Published online Dec 6, 2020. doi: 10.12998/wjcc.v8.i23.5944
Peer-review started: July 30, 2020
First decision: August 22, 2020
Revised: September 5, 2020
Accepted: October 13, 2020
Article in press: October 13, 2020
Published online: December 6, 2020
Processing time: 127 Days and 0 Hours
Hernia is a common condition requiring abdominal surgery. The current standard treatment for hernia is tension-free repair using meshes. Globally, more than 200 new types of meshes are licensed each year. However, their clinical applications are associated with a series of complications, such as recurrence and infection, leading to a bottleneck in the development of hernia repair surgery techniques. Statistics show that the recurrence rate after hernia repair surgery ranges from 10% to 24%, and postoperative mesh infection rate ranges from 0.5% to 9.0%.

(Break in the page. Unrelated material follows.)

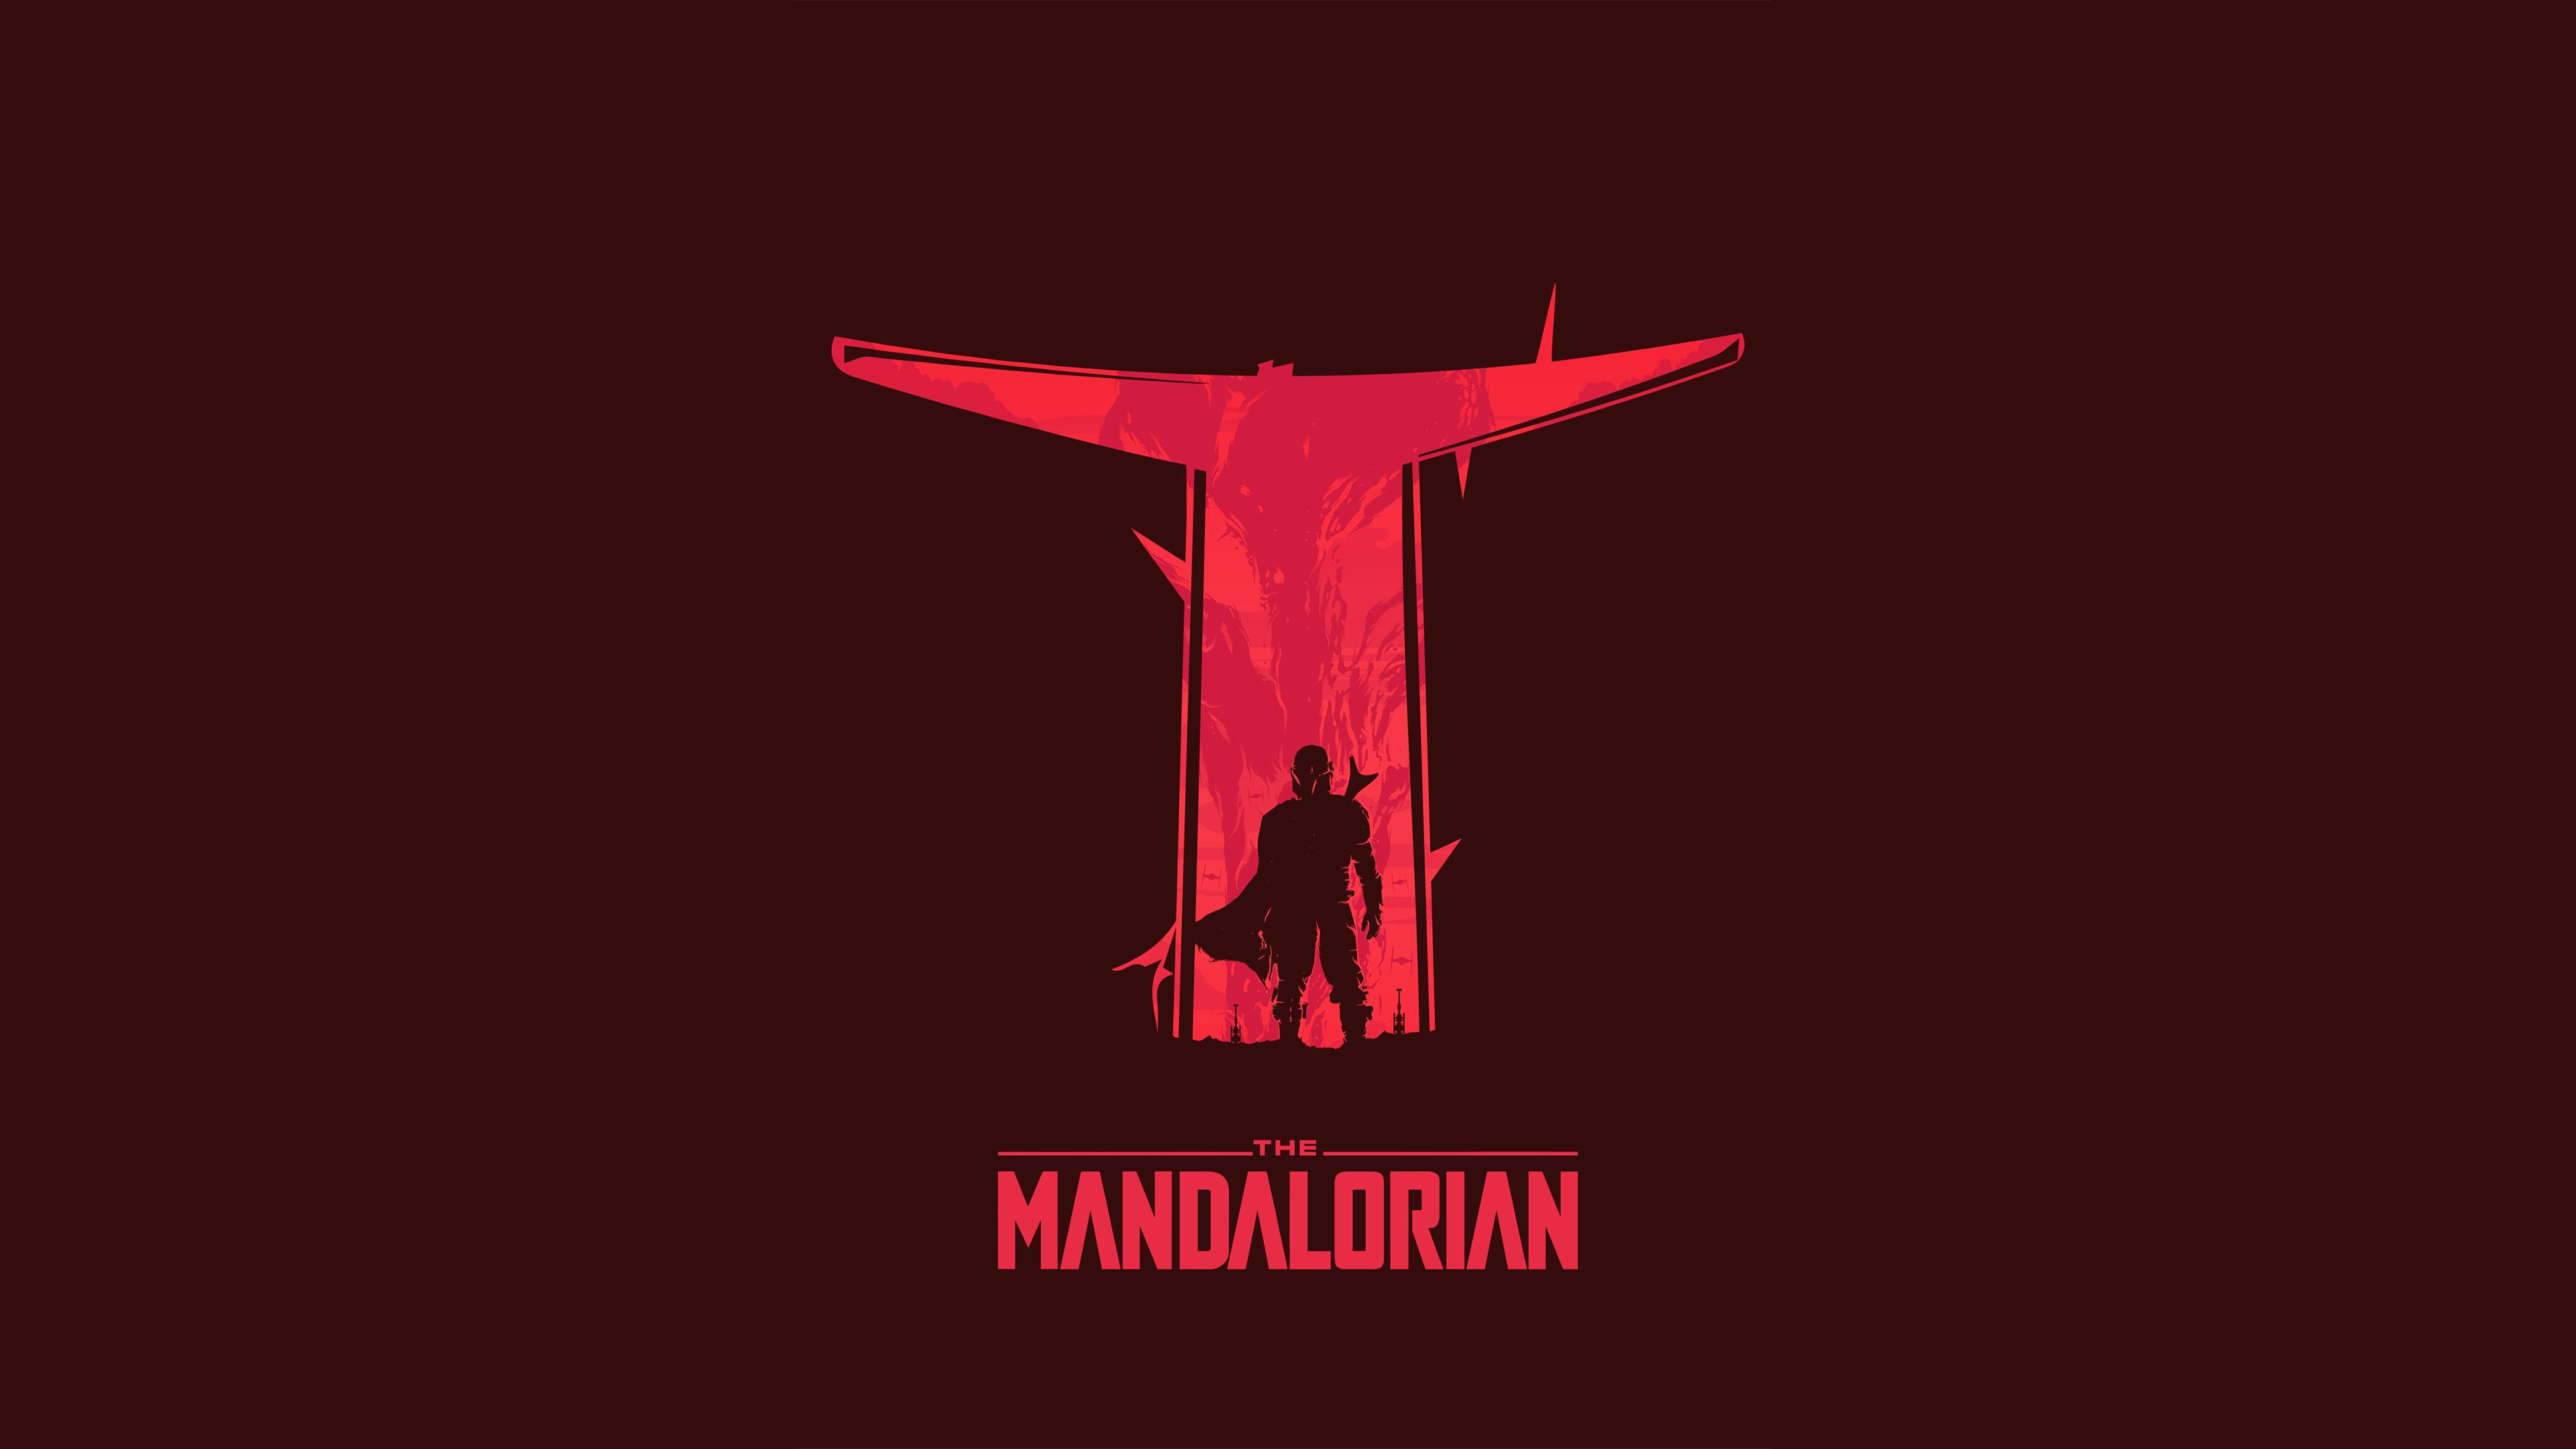 The Mandalorian Minimalist Wallpaper

The existing drawback has led to the advent of 3D-printed meshes. Since their emergence, 3D-printed meshes have significantly reduced postoperative complications in patients. They have also shortened operating time and minimized the loss of mesh materials. However, it is difficult to obtain accurate data of the pectineal foramen before surgery. This study aims to find a simple, effective, non-invasive and accurate method to provide data support for the production of 3D-printed mesh.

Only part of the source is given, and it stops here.